Life expectancy represents the average future time an individual can expect to live. To perform this calculation assumptions are made as to the mortality table the life will follow. Life expectancies have been increasing steadily over the past century and may continue to increase in the future. As people are living longer the cost of retirement is increasing.

Life Expectancy Adjusted Withdrawal Plan:

A plan though which a mutual fund investor's holdings are fully depleted while providing maximum periodic income over the investor's lifetime.

Life Insurance:

Life insurance is a policy agreement (contract) between you and an insurance company. You agree to pay a specified amount (premium) to the company for the policy coverage, and in return, the company agrees to pay you or your beneficiaries based on the terms of the policy. Most life insurance is designed to provide funds to your heirs in the event of your death.

Lifestyle Expenditures:

The cost you incur to sustain your lifestyle, including the money you spend on housing, food, clothing, household expenses, transportation, insurance, entertainment and gifts. Also included are the interest charges associated with financing a major capital purchase such as a house or a car. Lifestyle expenditures do not include income tax expense or any capital transactions.

Living Benifits: Living benifits form part of most life insuranve polices. They allow for the partial payment of death benift in advance of actual death, if the insured person is suffering from a terminal illness.

Living Will:

If you become incapacitated this document will preserves your wishes and act as your voice in medical decisions, if you are unable to speak for yourself as a result of medical reasons.

Loan (Policy Loan): A loan made by the life insurance company from its general funds to a policyowner on the strength of the cash value if a policy.
Medical Examination: Usually conducted by a licensed physician; the medical report is part of the application, becomes part of the policy contract and is attached to the policy. A "non-medical" is a short-form medical report filled out by the agent. Various company rules, such as amount of insurance applied for or already in force; applicant's age, sex, past physical history; data revealed by inspection report, etc., determine whether the examination will be "medical" or "non-medical."

Medical Power of Attorney:

This special power of attorney document allows you to designate another person to make medical decisions on your behalf, also review the Substitution Decisions Act in the Money Management Newsletter Library.

Misrepresentation: Act of making, issuing, circulating or causing to be issued or circulated an estimate, an illustration, a circular or a statement of any kind that does not represent the correct policy terms, dividends or share of surplus or the name or title for any policy or class of policies that does not in fact reflect its true nature
Mortally Table: A table showing the incidence of death at specified ages
Mortality: The relative incidence of death within a given group.

No Fault Insurance:

Government-mandated insurance designed to provide automatic compensation for automobile accident victims, regardless of who is to blame.

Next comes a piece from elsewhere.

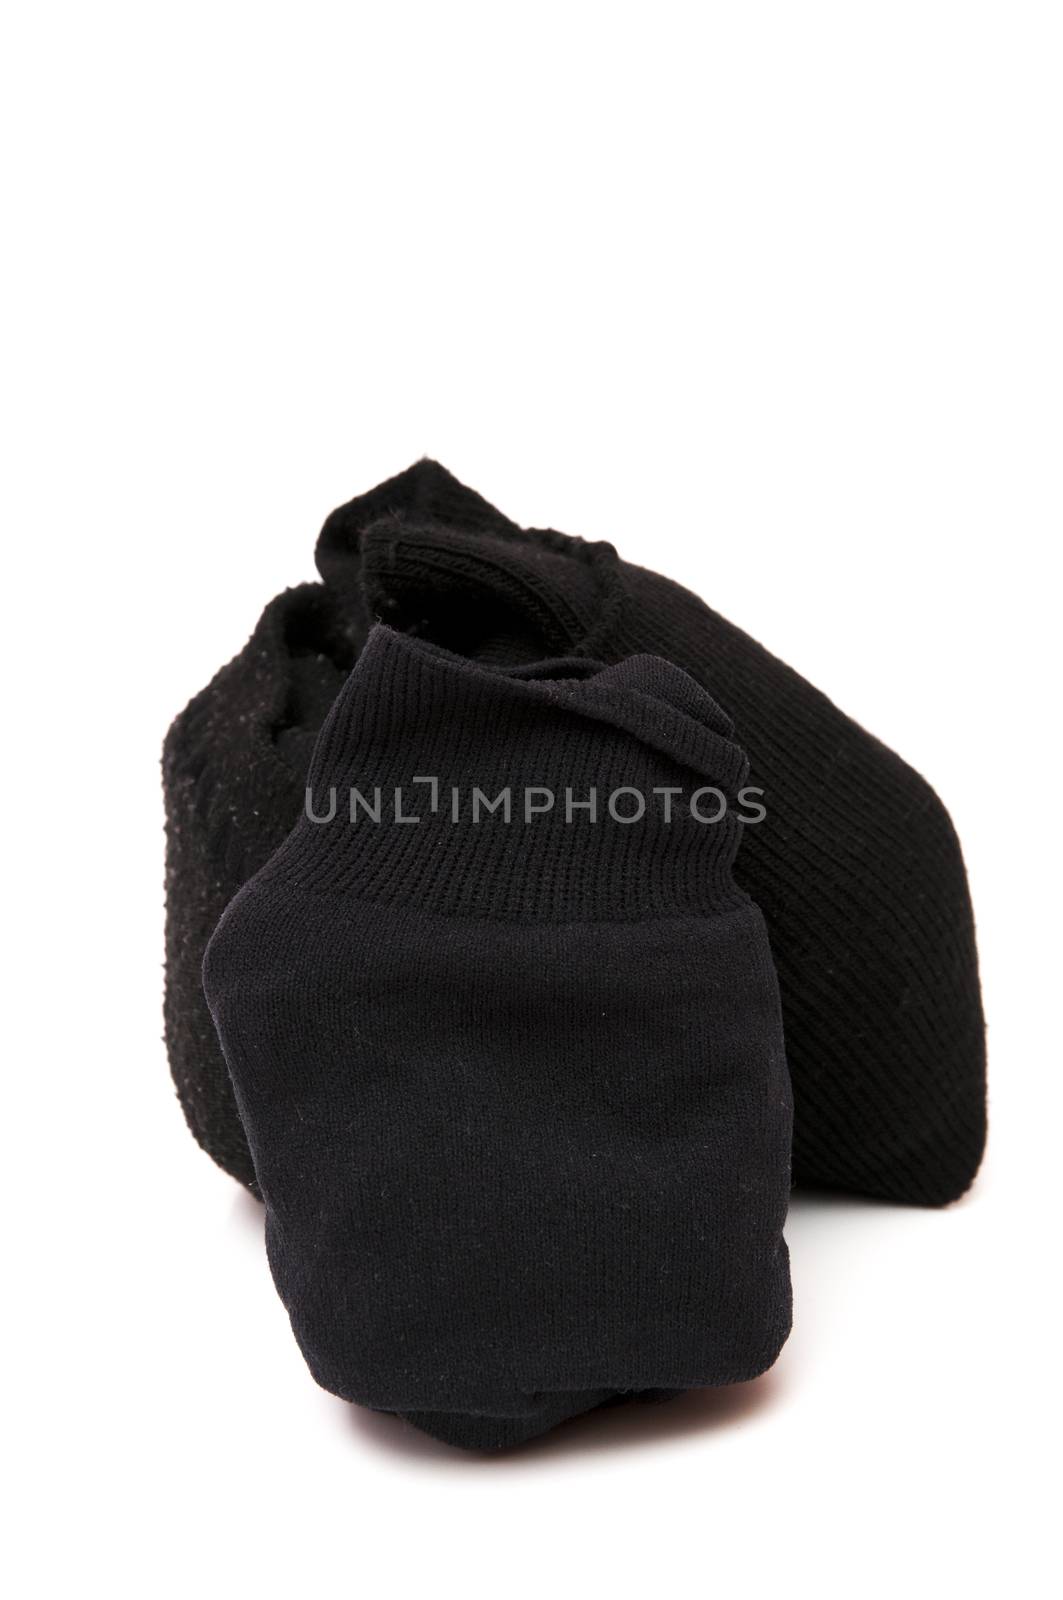 black socks on a white background

Non-Medical Insurance: Issued on a regular basis without requiring a regular medical examination. In passing on the risk, the company relies on the applicant's answers to questions regarding his or her physical condition and on personal references or inspection reports.

Ordinary Annuity:

A series of equal payments over a fixed number of years where the payments are made at the end of each period.

Paid-up Insurance: An insurance policy that with remain in force without the need for additional premiums.
Participating Policy: A policy that is eligible for the payment of dividends by the insurer (see dividend)

Permanent Life Insurance:

The most common types are whole and universal . Both offer lifetime protection. Renewal is not necessary as long as you pay the premiums.

Per Capita (Life Insurance):

The death proceeds of a contract or policy are divided equally among the living beneficiaries. For example if three beneficiaries are named but one is no longer living, the remaining to will each receive 1/2 of the proceeds. For contrast see per stirpes.

Per Stirpes (Life Insurance):

The death proceeds of a contract or policy are divided equally among the named beneficiaries. The share of any deceased named beneficiary is distributed to his/her living dependents. For contrast see per capita.

Policyowner: The person who owns a life insurance policy. This is usually the insured person, could also be a relative of the insured, a corporation or partnership.

Power of Attorney:

Gives signing authority for your affairs to a spouse or other trusted person in case of accidental or other circumstances that leave your own unable to manage your own affairs.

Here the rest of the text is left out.